The objective of this research is to develop a robust algorithm capable of detecting lanes on a roadway, alongside calculating and displaying critical features such as the offset from the center of the lane and the radius of curvature of the road.
🔍 CNN Model:
The proposed methodology employs a SegNet architecture with specific optimizations. This architecture leverages encoder-decoder pairs to generate feature maps for classification at various resolutions. The input to the model is an image of a road, while the labeled output is an image with the lane highlighted in a single RGB channel. Thus, the CNN model's output is an image with the lane marked in a single RGB channel.
- Data Set: The dataset comprises 13,000 inputs and corresponding labels, each with dimensions of 80 x 160 pixels.
- Tools/Packages: Keras, Scikit-learn
- Language: Python
🧩 Architecture:
- Encoding Layer: This layer consists of 7 convolutional layers interspersed with max-pooling and dropout layers to enhance feature extraction and prevent overfitting.
- LSTM Layer: Incorporates 2 LSTM layers with resizing operations after each layer to maintain consistent matrix dimensions, facilitating temporal feature learning.
- Decoding Layer: Comprises 7 layers of transposed convolution (deconvolution) with intermittent upsampling and dropout layers, reconstructing the spatial dimensions of the input image.
- Optimizer: Adam optimizer is utilized to minimize the loss function.
- Loss Function: Mean squared error is employed as the loss function to measure the reconstruction quality.
📊 Results:
- Batch Size: 128
- Epochs: 10
- Accuracy:
- Without LSTM layers: 92%
- With LSTM layers: 93.5%
🔍 Model:
The trained CNN model parameters are applied to live camera or video feed to identify the lane markings. Subsequent feature extraction is performed using OpenCV functions and mathematical computations.
- Tools/Packages: OpenCV
- Language: Python
🧩 Architecture:
- Edge Detection: Edge detection techniques are employed to delineate the lane boundaries, followed by a perspective transform to obtain a perpendicular view of the lane.

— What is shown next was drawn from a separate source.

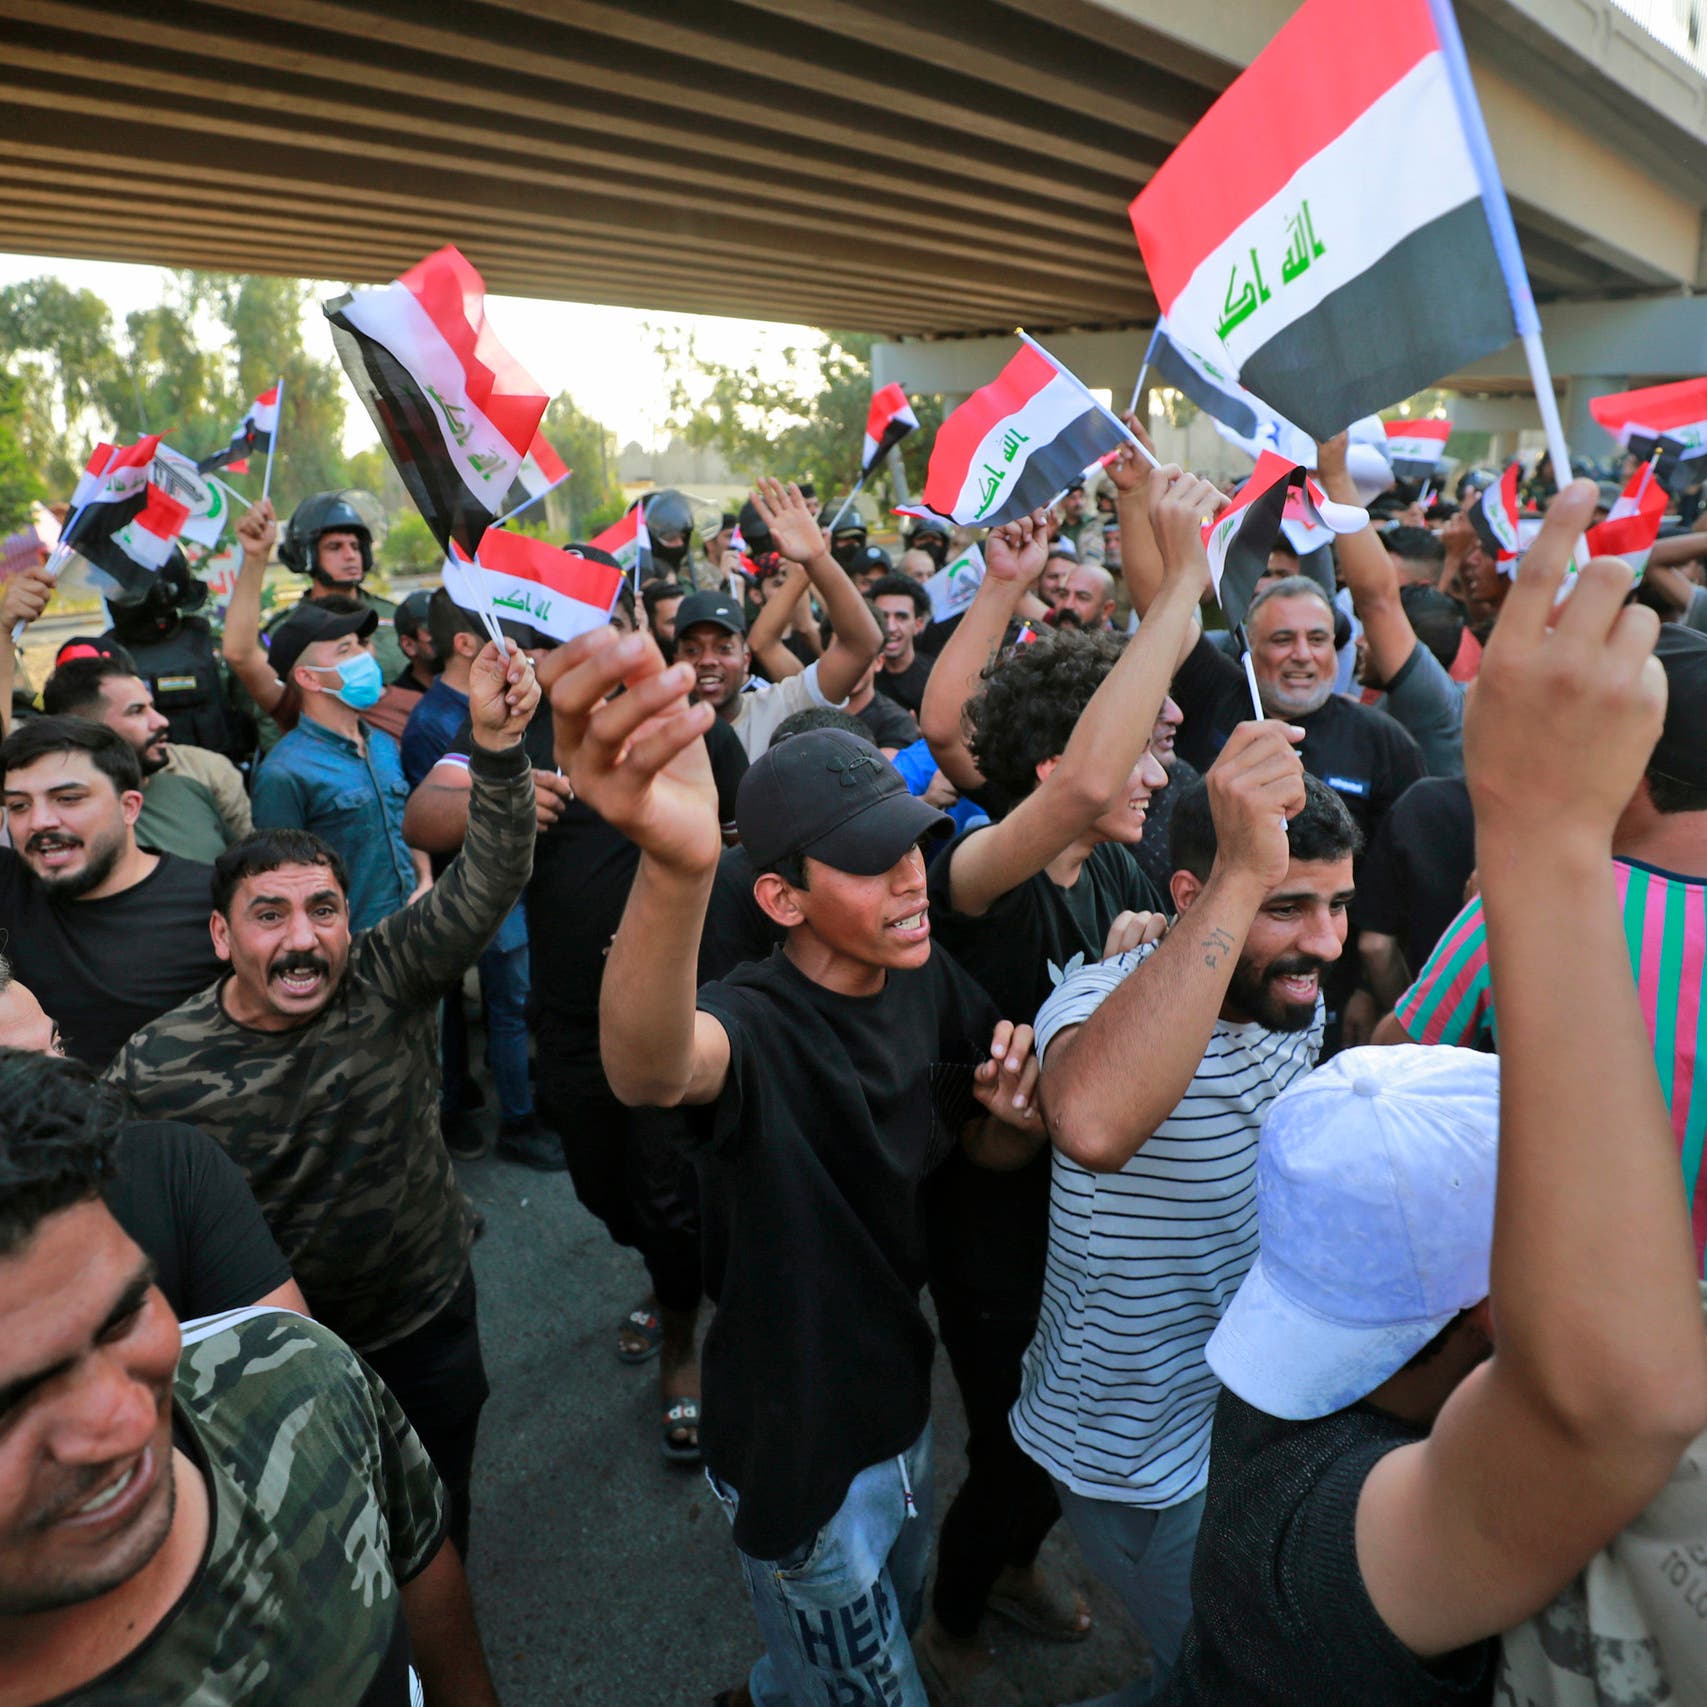 مصدر أمني عراقي: مقتل متظاهر بالرصاص خلال الاحتجاجات في بغداد

- Lane Identification: The sliding window technique is used to segregate the left and right lane boundaries.
- Polynomial Fit: A polynomial fit curve function is utilized to derive the quadratic function representing the curvature of the lane.
- Feature Calculation: Based on the derived quadratic function, the radius of curvature and the offset from the center of the lane are computed using precise mathematical formulas.
📊 Results:
- Offset Calculation: Achieves results within a 1-2 meter range, deemed ideal for practical applications.
- Radius of Curvature: Two distinct radii of curvature are computed for the left and right lane boundaries, correlating well with the visual curvature observed in the road imagery.
The lane detection algorithm developed in this study demonstrates effective performance on recorded road video data, successfully identifying lane boundaries and calculating key features such as the offset and radius of curvature. Further real-time deployment and testing are necessary to validate the model's accuracy and refine the mathematical calculations involved in feature extraction.